Оттого поёт он эти песни
Вслух…"
 
   Фильм "В зоне особого внимания" первое время в клубе «крутили» довольно редко: всё-таки морская пехота в воздушно-десантных войсках всегда видела своих конкурентов. И не просто конкурентов, а более удачливых: к голубым беретам в Советском Союзе относились с большим почтением, чем к чёрным. И только после того, как к фильму досняли продолжение — "Ответный ход" с Вадимом Спиридоновым в роли капитана морской пехоты Евгения Швеца, сеансы сделались регулярными. А Балиса сослуживцы стали подкалывали вопросом, не он ли служил прототипом этого героя: и во внешности, и в характере было много общего. На что Гаяускас неизменно со смехом отвечал, что ему интересоваться девушками в звании сержанта морской пехоты уже поздно: Рита их опередила.
   А вот, оказывается, прилипла всё-таки детская песенка и лезет теперь в голову во время марш-броска.

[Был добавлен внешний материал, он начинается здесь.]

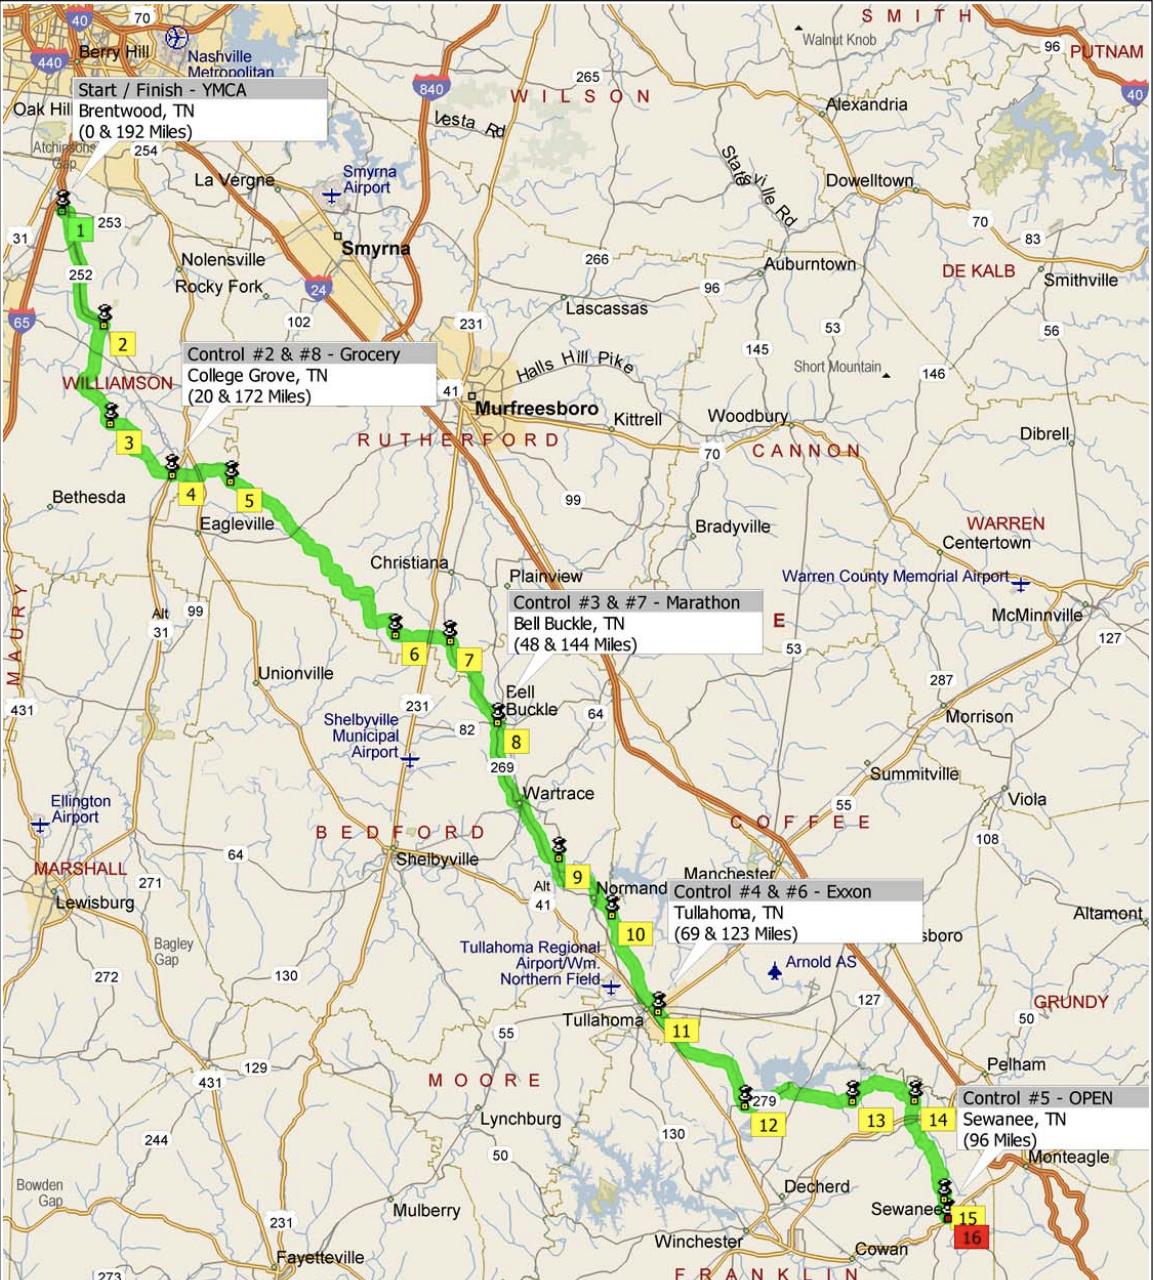 George Dickel 200K & Sewanee 300K - March 16, 2019100k: Ride With GPS Route200k: Ride With GPS Route200k: PDF Route300k: Ride With GPS Route300k: PDF Route
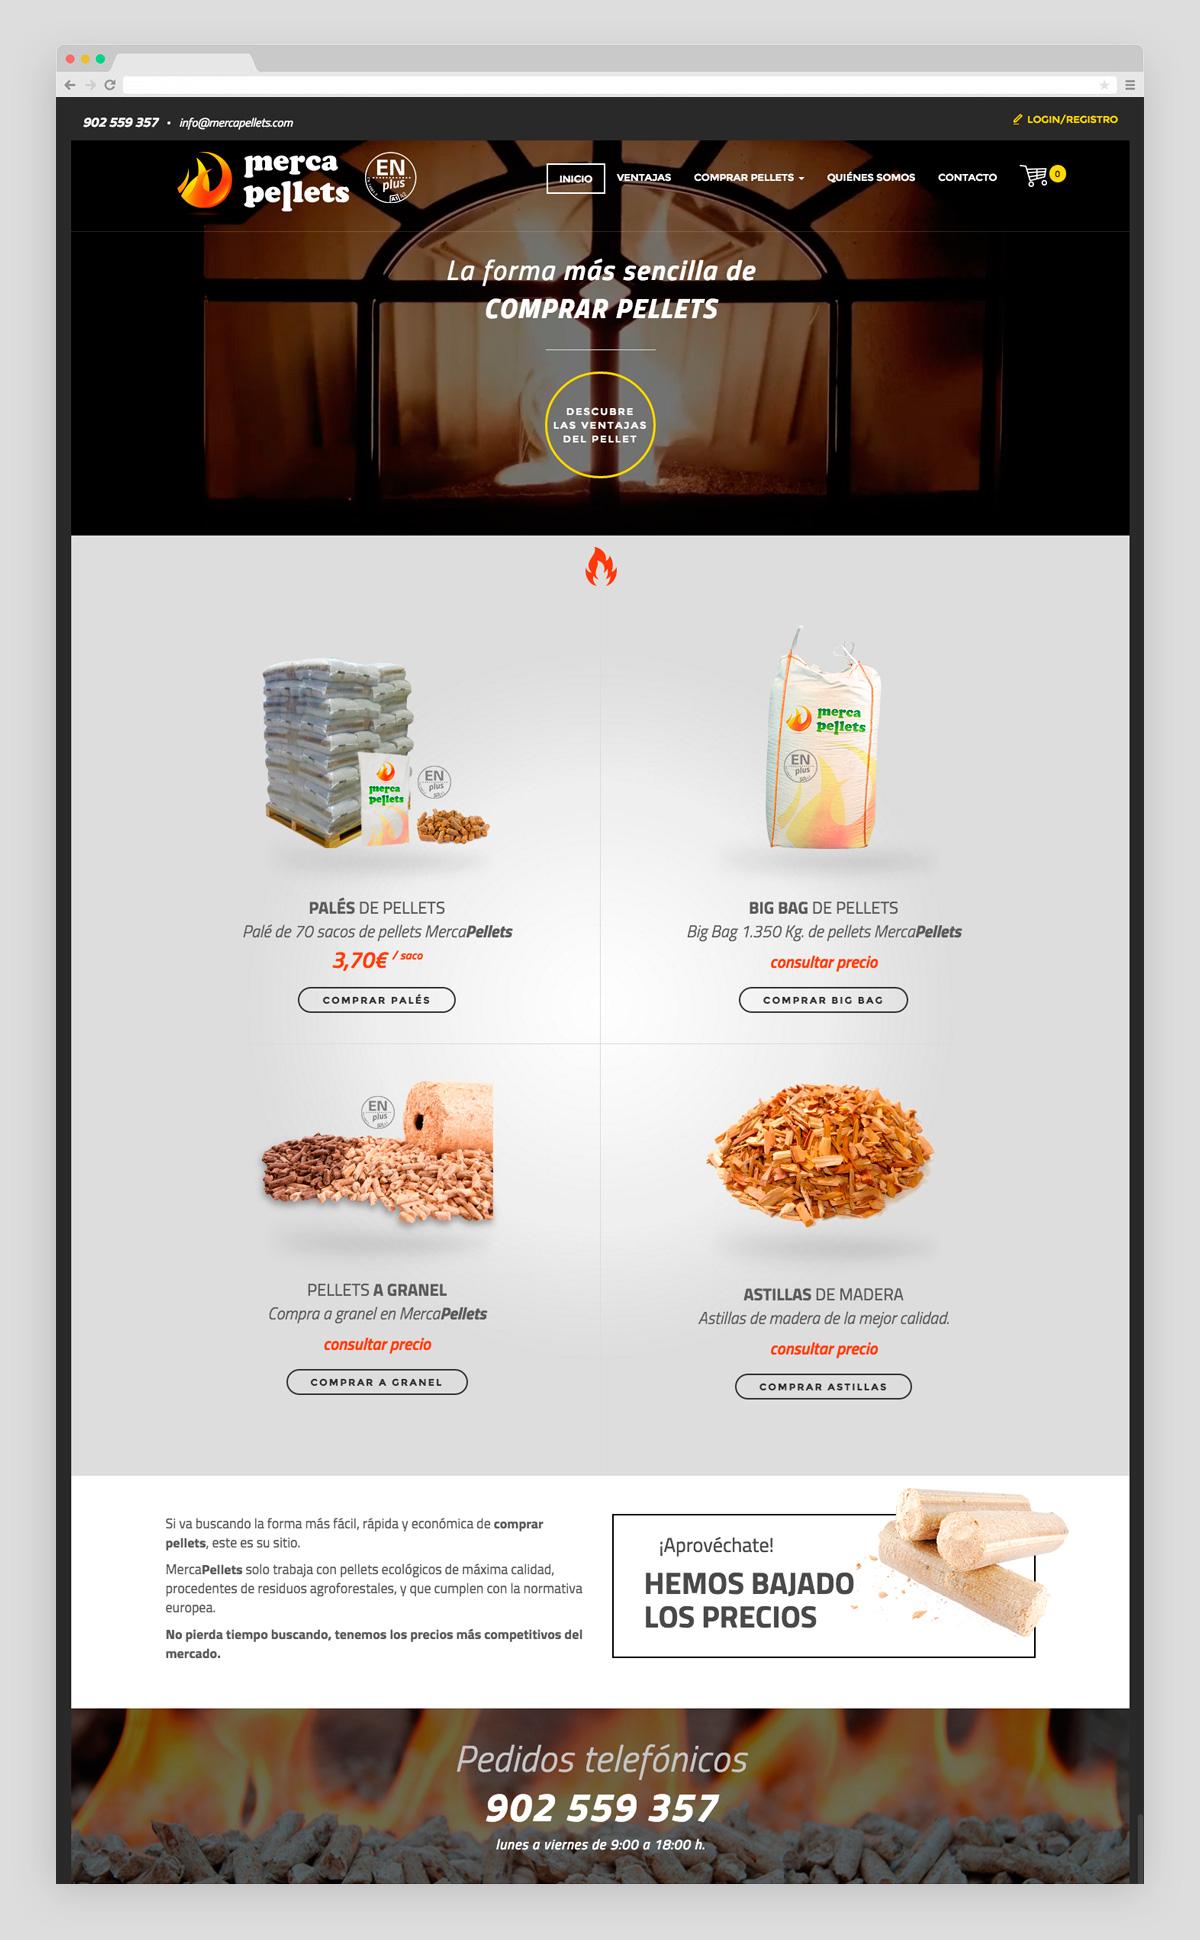 Imagen adicional 1 del proyecto Merca Pellets

   А марш-бросок и вправду получился совсем как в старое доброе время. Ночь, овраги, подъёмы-спуски, населенные пункты обходим с подветренной стороны, чтобы лишний раз не беспокоить честных сторожевых собак. Встречные рощи — насквозь, через подлесок, удаляться от дороги Балис не рискнул, всё-таки единственный ориентир в абсолютно незнакомой местности. К счастью, подлесок оказался не особенно густым: похоже, местные жители усиленно вырубали кустарники и молодые деревца для своих надобностей. В данной ситуации этому можно было только радоваться.
   — Бегом!
 
"И неважно,
Чем он занят,
Если он толстеть
Не станет…
А ведь он
Толстеть не станет…"
 
   Да уж, тут не растолстеешь…
   Путь до большой дороги оказался намного сложнее, чем планировалось. Началось всё, конечно, за здравие: Битый знал в окрестных горах каждую тропку, старика священника усадили на коня благородного сета и тронулись в путь. Через час Мирон начал заметно хромать. Еще через полчаса стало ясно, что по пересеченной местности он не ходок. К чести Нижниченко, он не стал строить из себя героя и без всяких споров уселся на и так груженного сверх всякой меры Ушастика. Суперпони, похоже, увеличения нагрузки даже не заметил, но это было только начало. Ещё через полчаса из сил выбился Йеми. Посадить двух человек на двужильного конька не было физической возможности, Мирону пришлось перебираться к Огустину. Коню благородного сета это категорически не понравилось, и он резко сбавил темп. Уговоры и понукания хозяина никакого эффекта не дали. Огустин применил свои способности к мысленному общению, после чего заявил, что быстрее двигаться с такой нагрузкой скакун не в состоянии. В довершение всего, вскоре после полудня зарядил мелкий нудный дождь, так же замедливший передвижение. В итоге, за день они даже не смогли добраться до тракта: быстрые весенние сумерки застали путешественников в предгорьях. К счастью, перед тем как стемнело, они успели заметить петляющую неподалеку дорогу с вершины холма.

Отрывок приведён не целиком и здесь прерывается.